Exercise requirements → From the first line to the last, write out the records exactly, leaving out images.

[Source data]

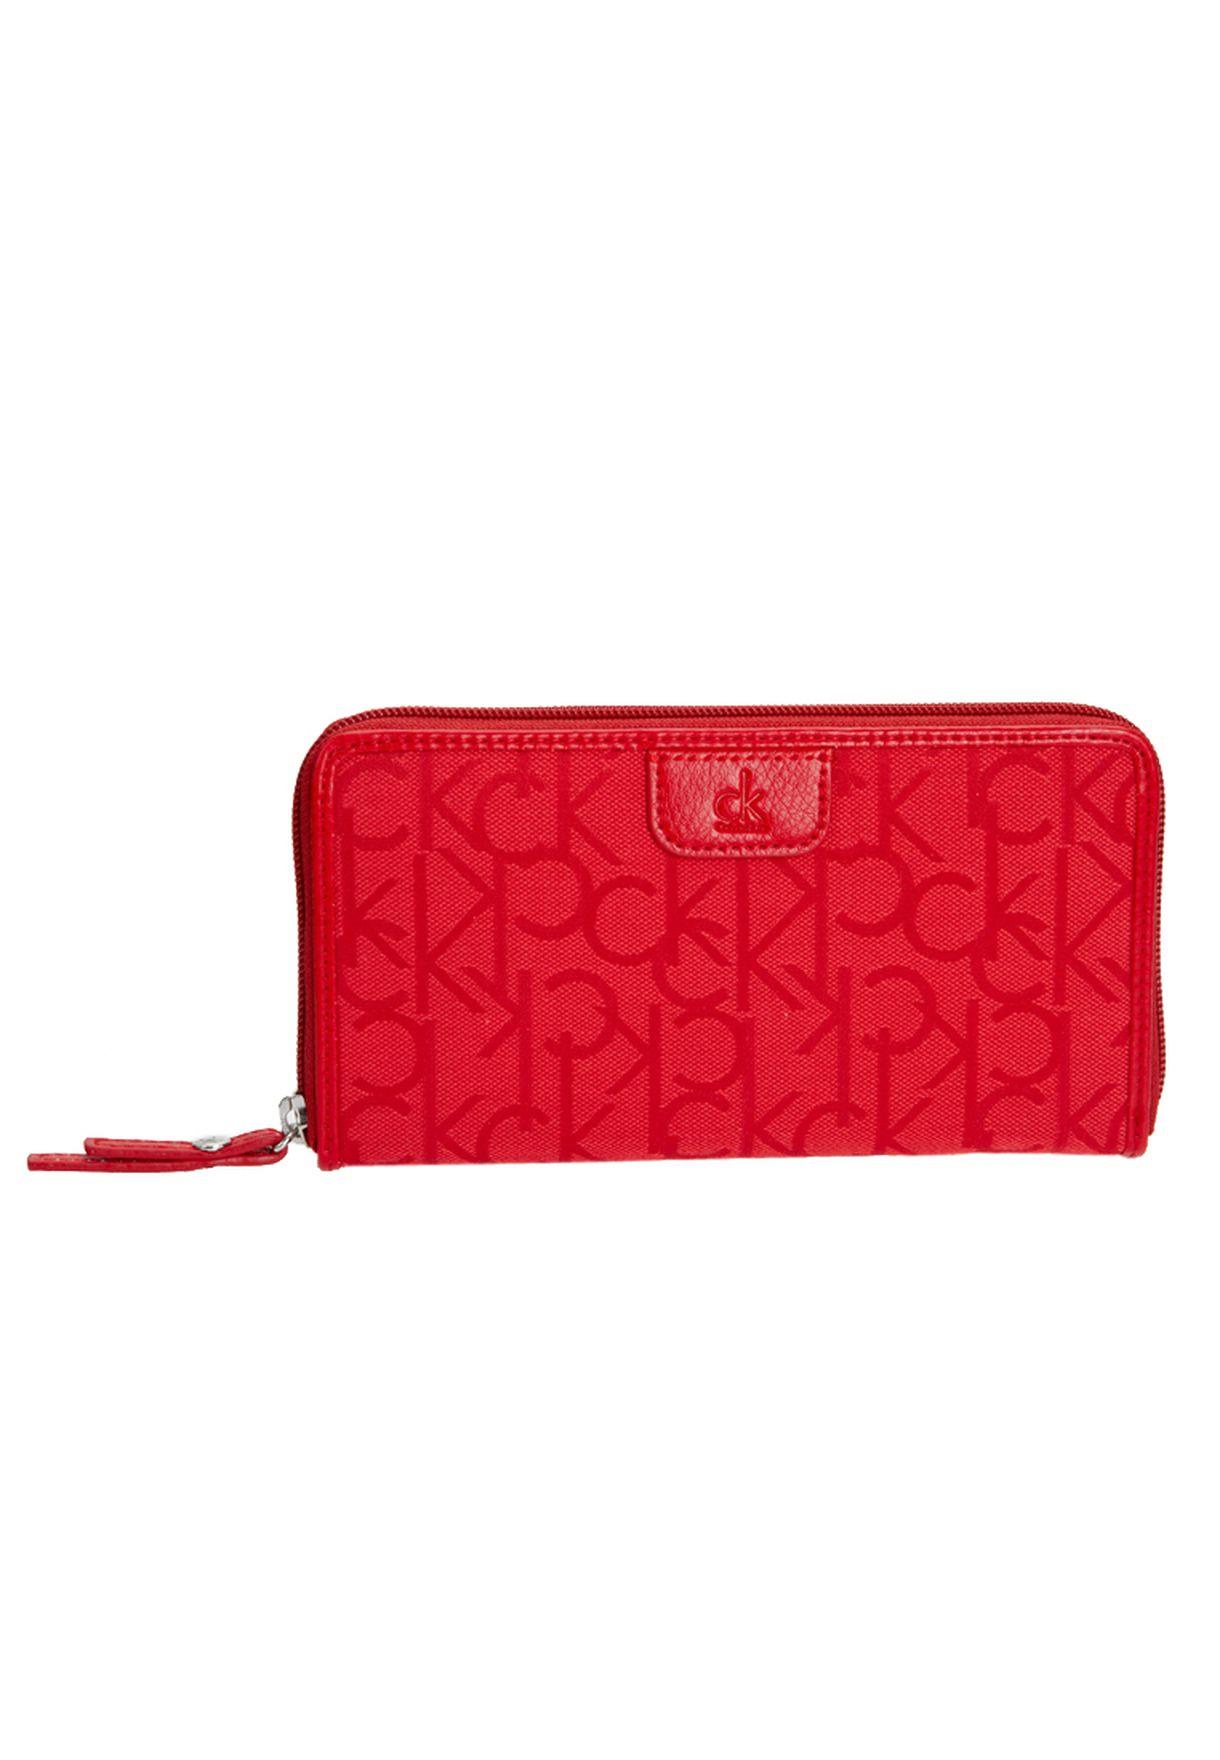 b38cfde53 تسوق Purse ماركة كالفن كلاين جينز لون أحمر في قطر - CA294AC01KSS
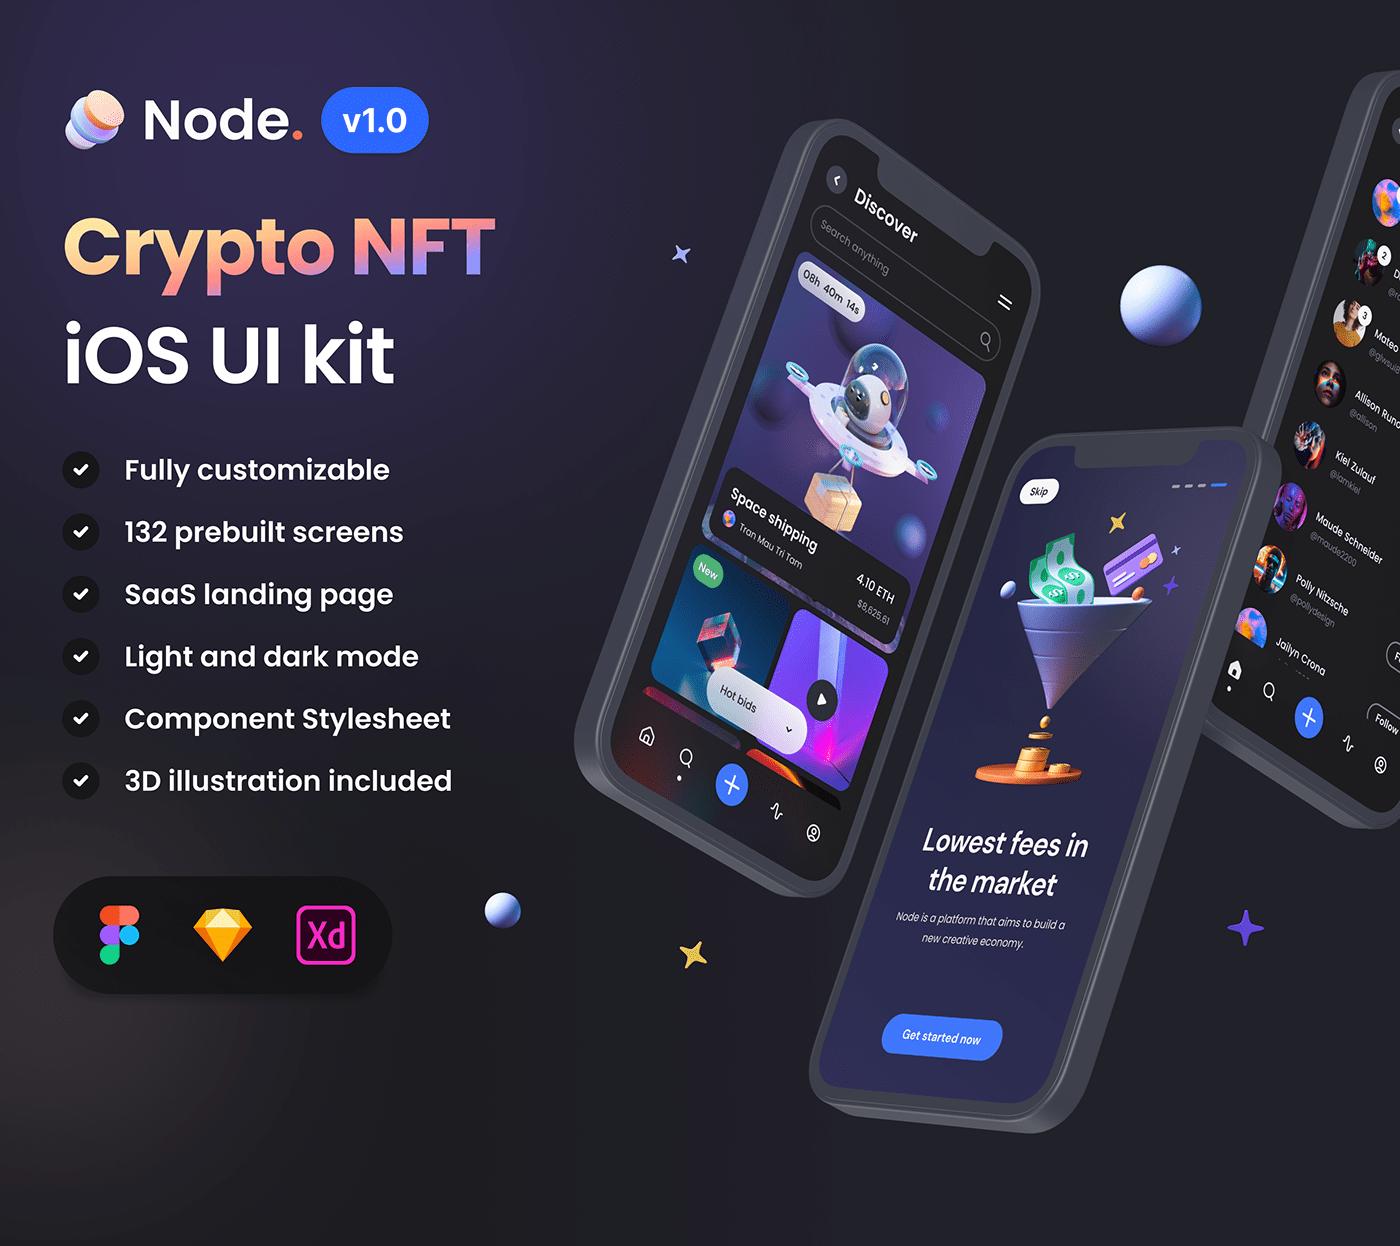 app crypto download exchange figma resource ios mobile Mobile app nft ui kit
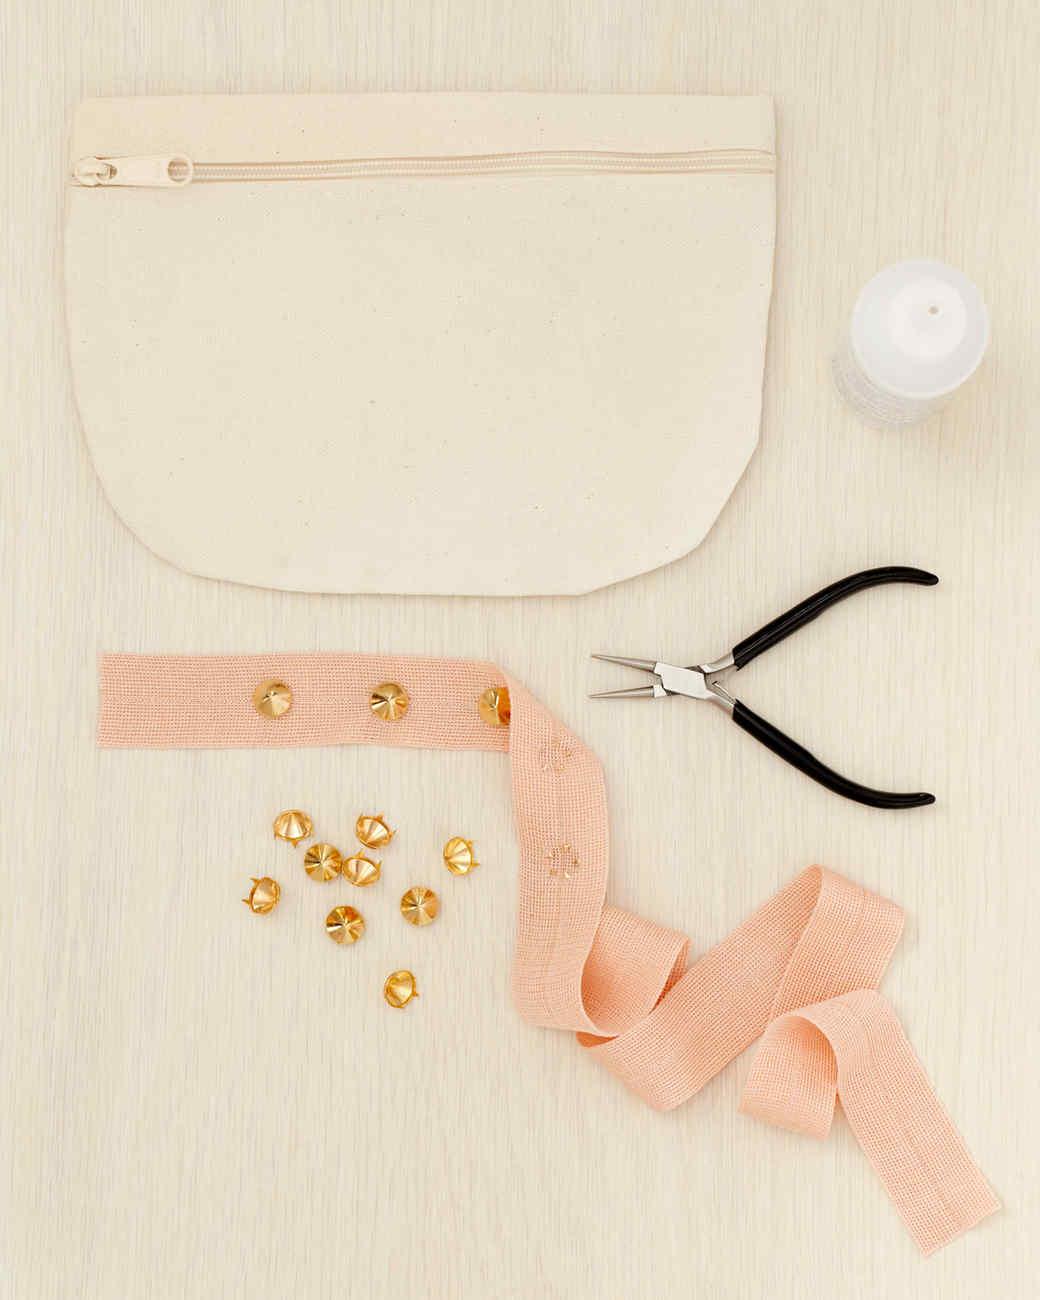 studded-bag-how-to-wld109036.jpg
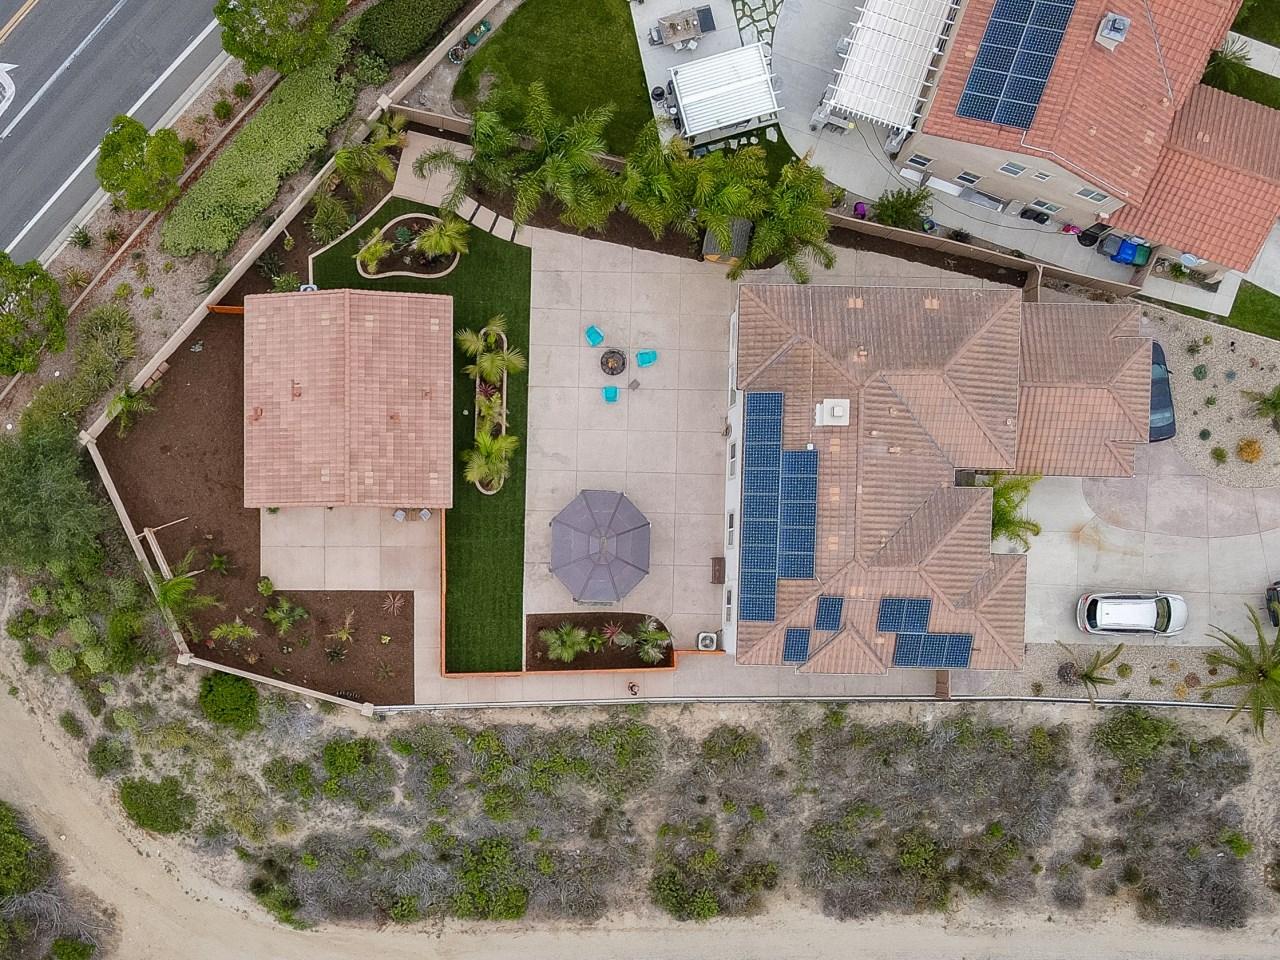 SnapAdu-Oceanside-Toopal-2BR-1BA-ADU-drone-photo-aerial-property
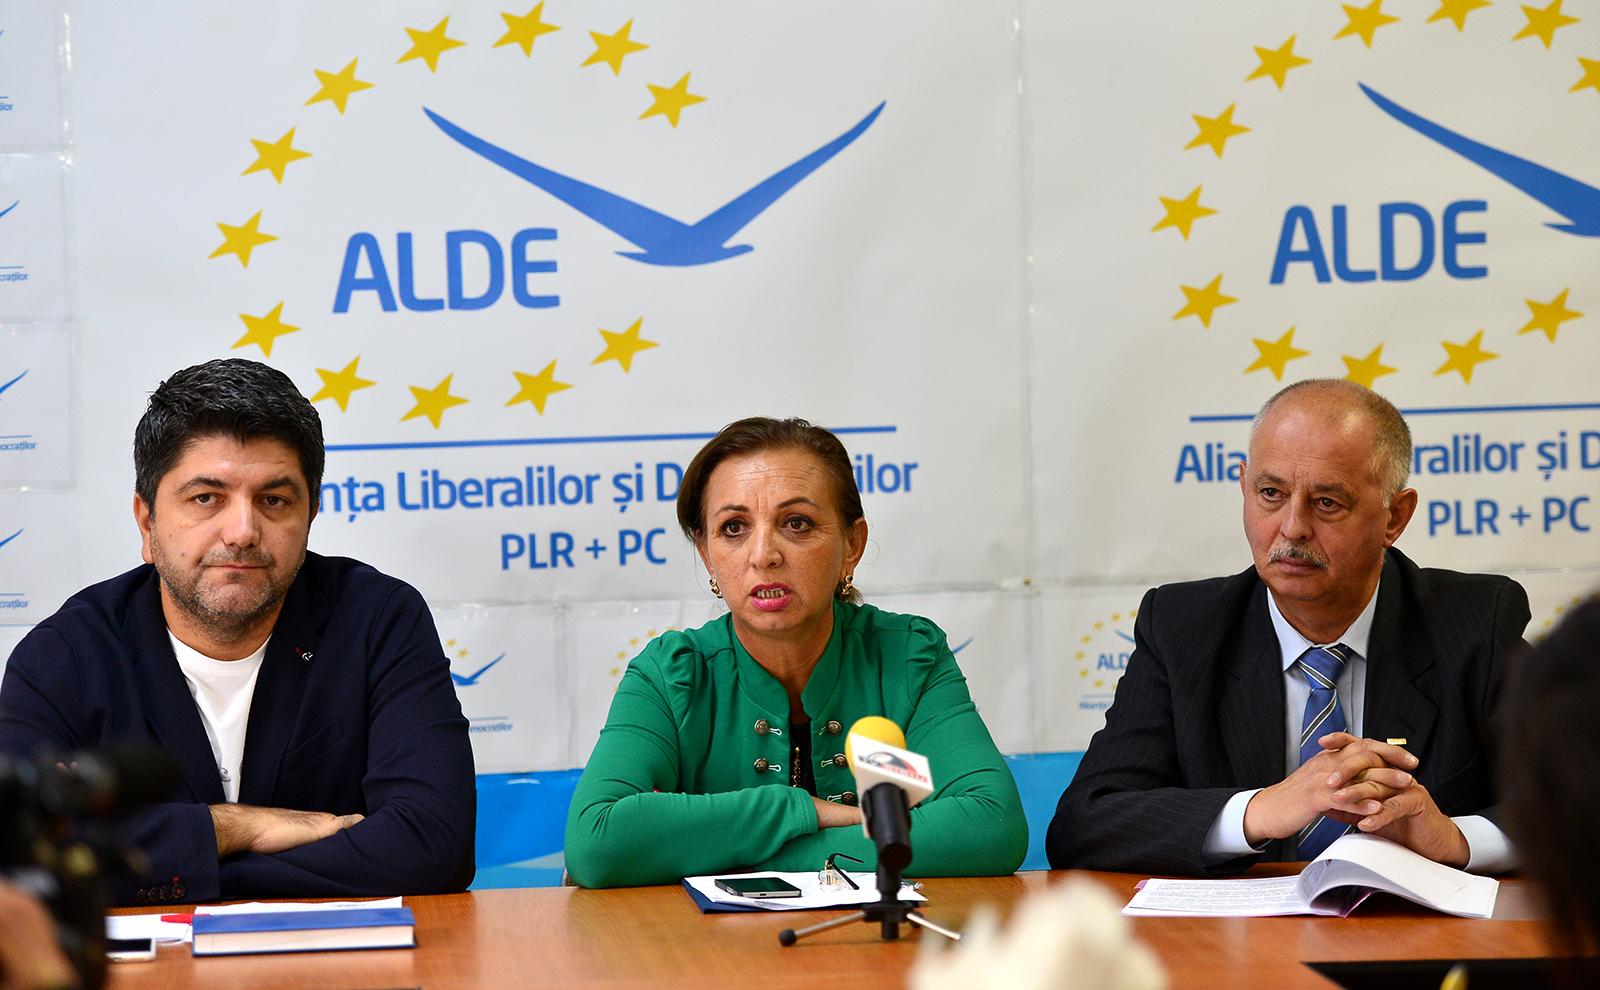 Consilierul Dana Varga, la Sibiu:

Problem solution →
 b38cfde53 تسوق Purse ماركة كالفن كلاين جينز لون أحمر في قطر - CA294AC01KSS
 app crypto download exchange figma resource ios mobile Mobile app nft ui kit
 studded-bag-how-to-wld109036.jpg
 SnapAdu-Oceanside-Toopal-2BR-1BA-ADU-drone-photo-aerial-property
 Consilierul Dana Varga, la Sibiu:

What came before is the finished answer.